The study revealed a statistically significant decrease in the number of type 2 T-helpers in the population of central memory T-helpers in irradiated people. The lowest cellularity indices were observed among individuals whose absorbed doses ranged from 73.4 to 485.1 mGy. In this regard, irradiated individuals showed an increase in the Th1/Th2 ratio in the central memory T-helper population relative to individuals in the comparison group. However, these changes were not related to age or RBM irradiation dose in the thymus and peripheral lymphoid organs. A similar suppression of the Th2 response in mice was demonstrated in an experiment under low-dose radiation exposure conditions [18]. Karimi G. et al., who monitored radiologists with radiation exposure levels of less than 50 mGy, additionally noted a shift in their immune response towards the production of type 1 T-helper cells [19]. Previously, we also described a decrease in the number of type 2 T-helper cells, which are part of central memory T-helper cells, in individuals exposed to chronic low-intensity radiation [20].

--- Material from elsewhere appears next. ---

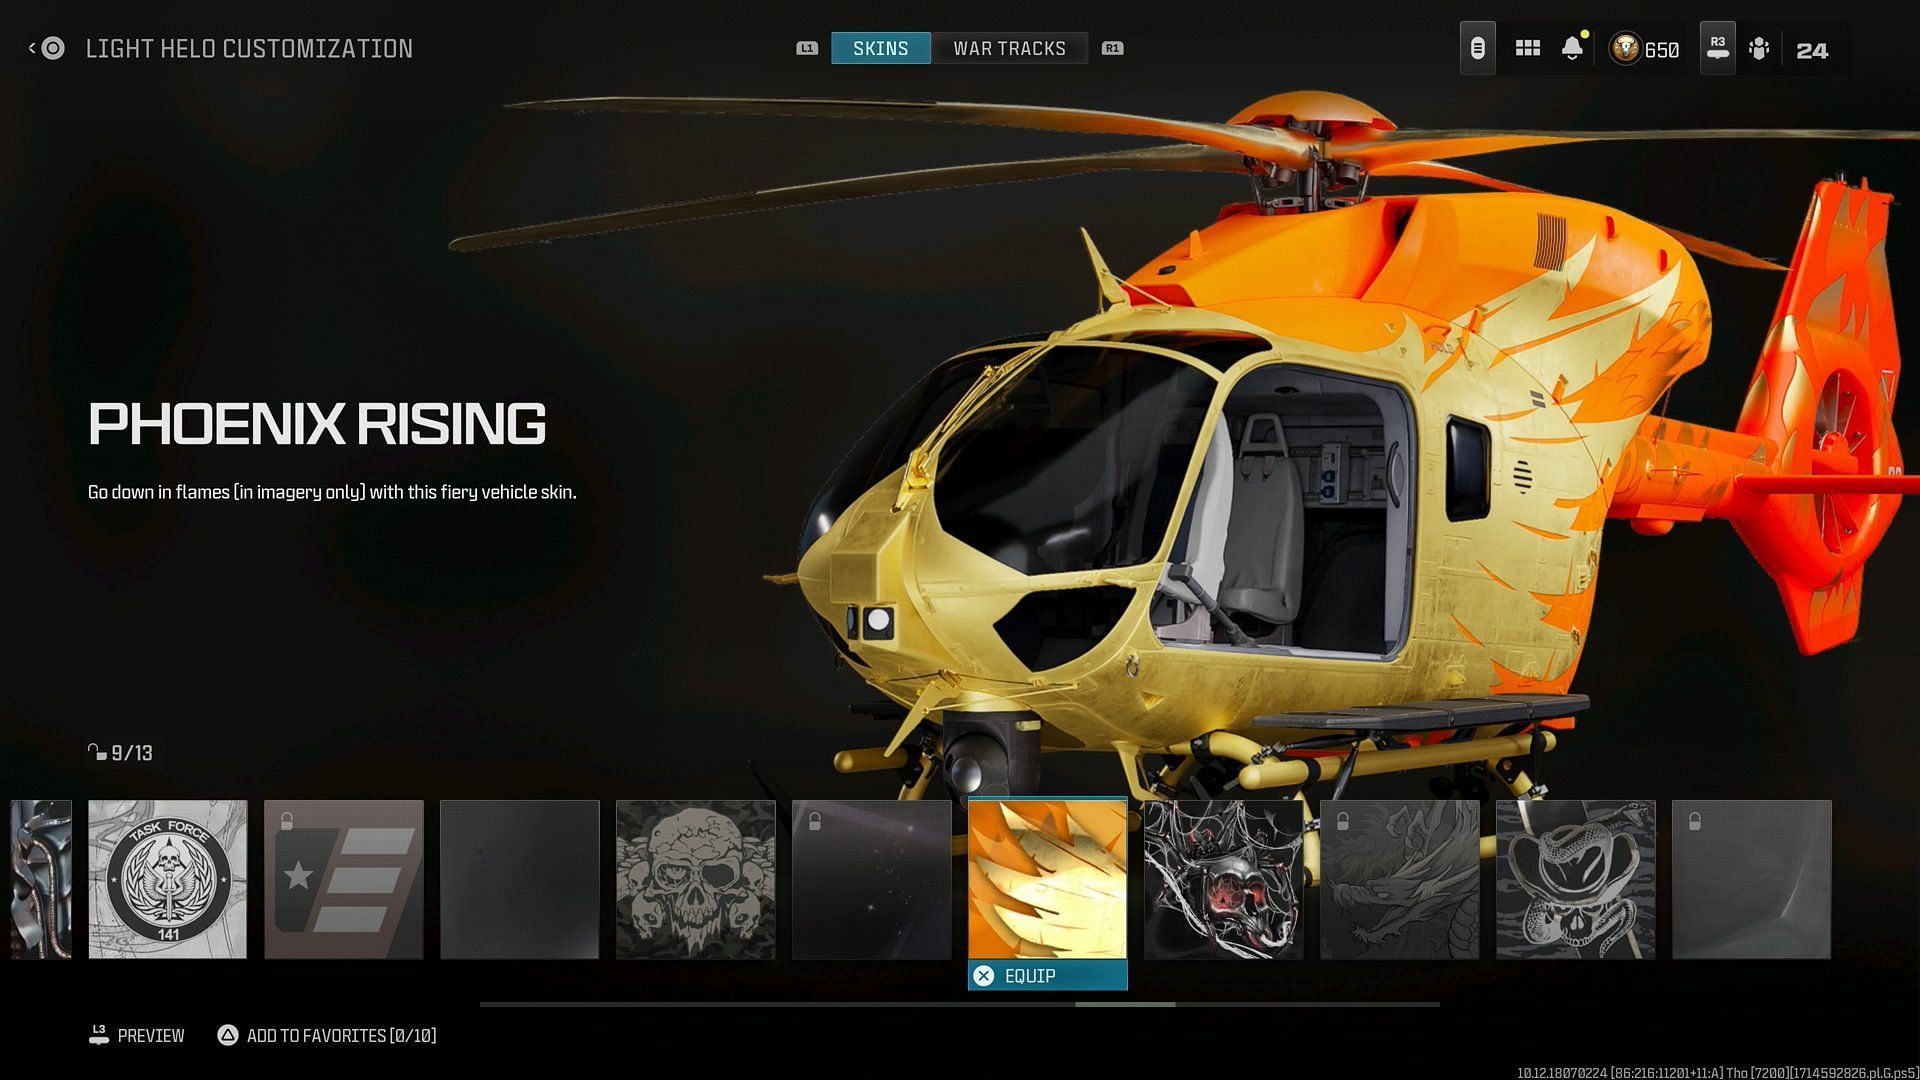 Phoenix Rising Heli skin in Warzone (Image via Activision)

Within the framework of the present work, we found no changes in the mRNA expression of the genes of transcription factors SPI and GATA3 in the remote terms after exposure to IR in the residents of the villages along the banks of the Techa River exposed to chronic training. However, it is noteworthy that a statistically significant positive correlation between the relative mRNA content of the GATA3 gene and type 2 effector memory T-helper cells was characteristic of individuals whose absorbed doses of RBM exposure were in the range of high values (more than 1000 mGy). Indeed, GATA3 protein plays an important role in the development of the Th2 phenotype by activating the secretion of cytokines IL-4, IL-5 and IL-13 in Th2 cells, as well as inhibiting specific Th1 transcription factors such as T-bet, NF-AT1, FOXP3 and others [21].

The results obtained in the course of the study, which are consistent with modern scientific data, show that the changes in the immune system in people exposed to chronic low-intensity radiation exposure are not pronounced in the long term. However, further work is required to study the study of key transcription factors involved in the differentiation of immunocompetent cells and their continued functioning in people exposed to high doses.

CONCLUSION

The results of the study recorded a decrease in the absolute number of type 2 T-helper cells, which are part of the central memory T-helper cells, in remote periods of time in individuals exposed to chronic radiation exposure. In individuals with accumulated doses of more than 1000 mGy, an increase in the ratio of Th1/Th2 in the population of central memory T-helpers in relation to unirradiated individuals and a positive correlation between GATA3 gene expression and the relative number of type 2 effector memory T-helpers were observed.

The results obtained confirm the fact that radiation-induced immune changes may directly depend on the total absorbed radiation dose, which determines the prospects for further analysis of the health status of people exposed to chronic high-dose irradiation.